Он заметил их первым. В раскаленном мареве, пляшущем над холмом, появлялись молчаливые тени на бурых конях – неясные, зыбкие. Смерть, сошедшая с дороги раскаленным полуднем. Они появлялись над холмом один за другим и молча неслись вниз, расшвыривая копытами камни. Люди на винограднике закричали. Тогда он вскочил и побежал вниз, через лощину, туда, где поднимались из пыли глинобитные выщербленные стены старой крепостцы, когда-то закрывавшей брод через давно пересохшую реку. Он бежал, не оглядываясь, а смерть за спиной дрожала, побивая копытами землю. Он миновал дорогу, слушая, как обрываются крики, миновал старый сморщенный куст тамариска. Вот и стена. Она совсем невысокая, не выше взрослого мужчины. Но он не был взрослым мужчиной, он был мал и слаб. Он подпрыгнул, но не смог ухватиться за край, не достал чуть-чуть, оскреб пальцами бурую глину, упал. Тут же вскочил на ноги и, успев в последний миг обернуться, увидел, как ржавый грязный наконечник копья входит в его грудь, пыльно и хрустко, как разбивает землю кетмень. Потом лезвие выдралось наружу – дымящееся, жаркое, – и с ним кровавым паром, брызгами грязи исторглась из тела жизнь.
Следом приходило забытье, черное и плотное. За ним снова подступала лихорадка и снова откатывала, чтобы утянуть его за собой в сон и кровь. Он метался по пропотелой подстилке, кричал и стонал, отгоняя морок, но этот морок был всесилен. И каждый раз он думал, что это по-настоящему и насовсем. Каждый раз ноги шевелились все тяжелее, все медленнее приближалась спасительная стена, все тяжелее было прыгнуть и уцепиться, спастись.
Но вдруг, взбивая ногами призрачную пыль сна, он услышал:
– Сюда, Хасан, сюда! – И над стеной появилась рука.
Живая, загорелая, мозолистая, сильная рука взрослого мужчины. Он прыгнул, едва скребнув бессильными пальцами по глине, но рука уже ухватила его, вздернула, легко, как пушинку, перекинула за стену, в тень, в спасительную прохладу, и он услышал, как за спиной сухо чокнуло о глину оставшееся без добычи ржавое острие.
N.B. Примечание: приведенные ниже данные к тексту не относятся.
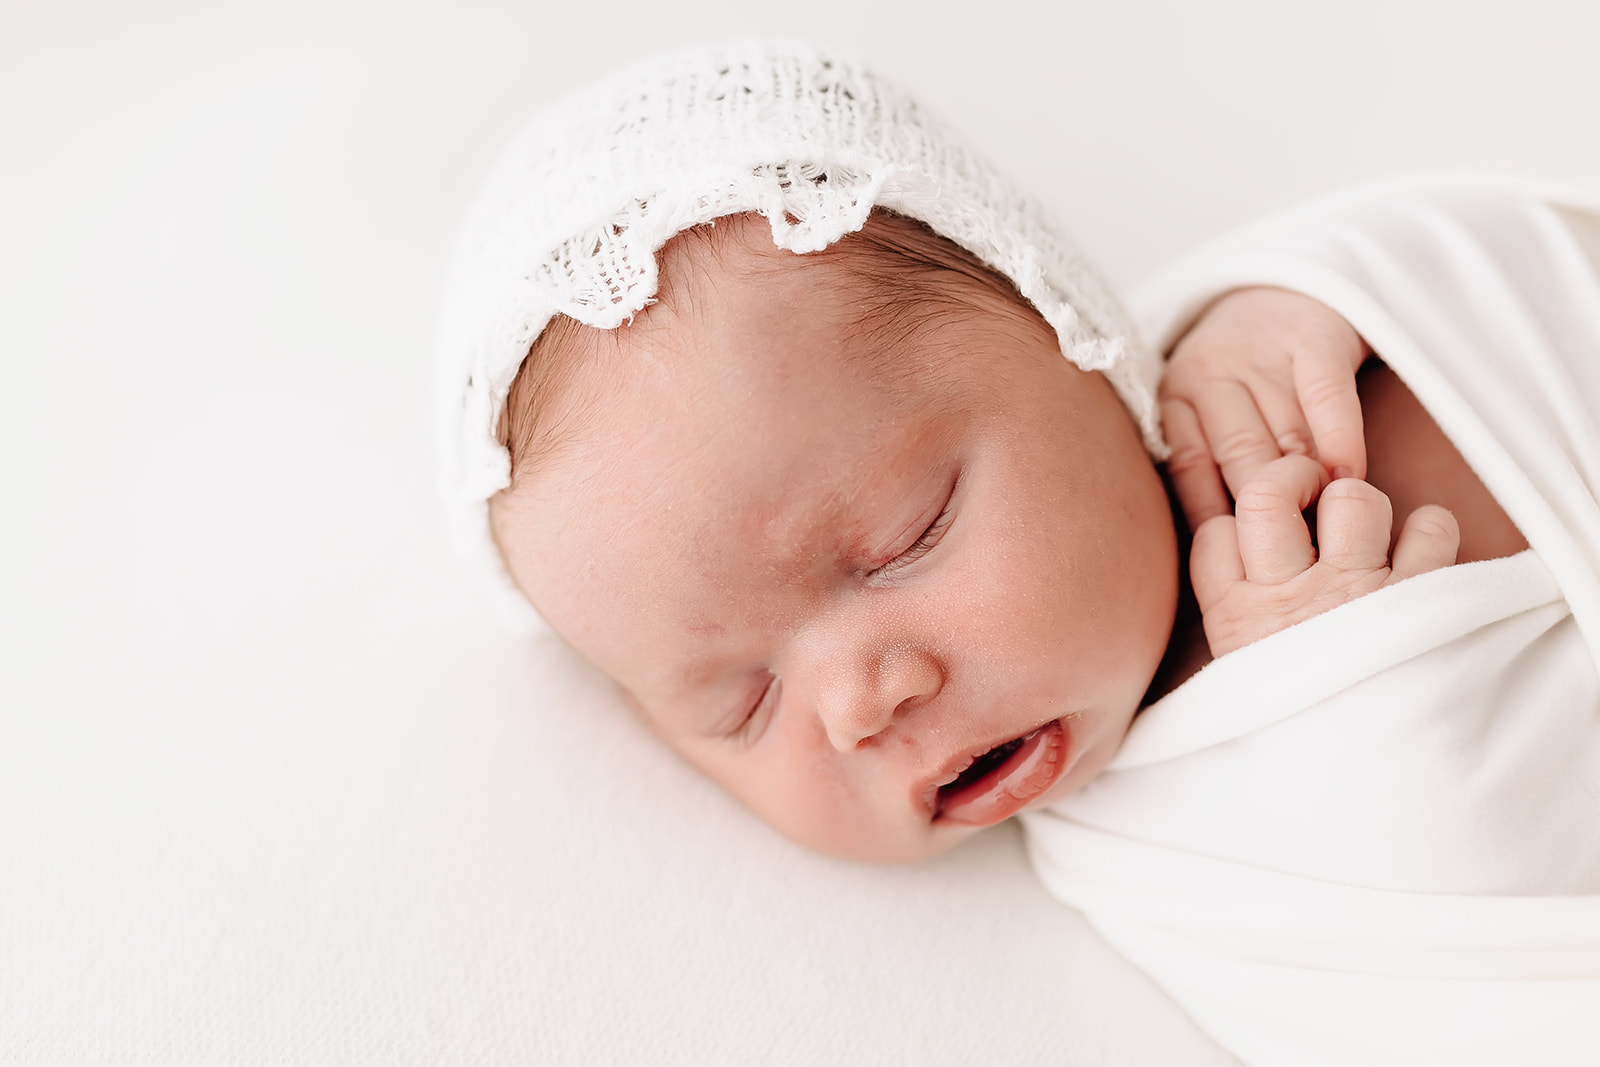 Details of a sleeping newborn baby in white bonnet

Хасан открыл глаза, ощутив на щеках прохладу. Сквозь занавешенное окно в комнату ползло рыжее солнце.
– Пить, – попросил он.
– Сейчас, сейчас, – сказал знакомый голос над головой.
Раздался плеск, и губка, напитанная кисловатой водой, легла на его губы. Он жадно потянулся влагу в себя.
– Осторожно, осторожно, не поперхнись. Потихоньку, Хасан. Подожди, я наберу еще. Вот.
– Спасибо, – прошептал Хасан.
– Пожалуйста. Хвала Всемогущему, ты проснулся. Я четыре дня и три ночи молился о тебе. У тебя уже руки сделались совсем холодные. Приходил этот толстый старик от ар-Раззака, пощупал твою руку и ушел. Деньги унес, а ничего не сделал. Сказал: ты умрешь, а я никак поверить не хотел. Молился за тебя.
– Абу Наджм, я видел тебя во сне. Ты держал мою руку. Ты меня спас, вытащил меня.
– Правда?
– Во сне за мной гнались. Как в детстве. Только я не успевал убежать. Ты меня спас.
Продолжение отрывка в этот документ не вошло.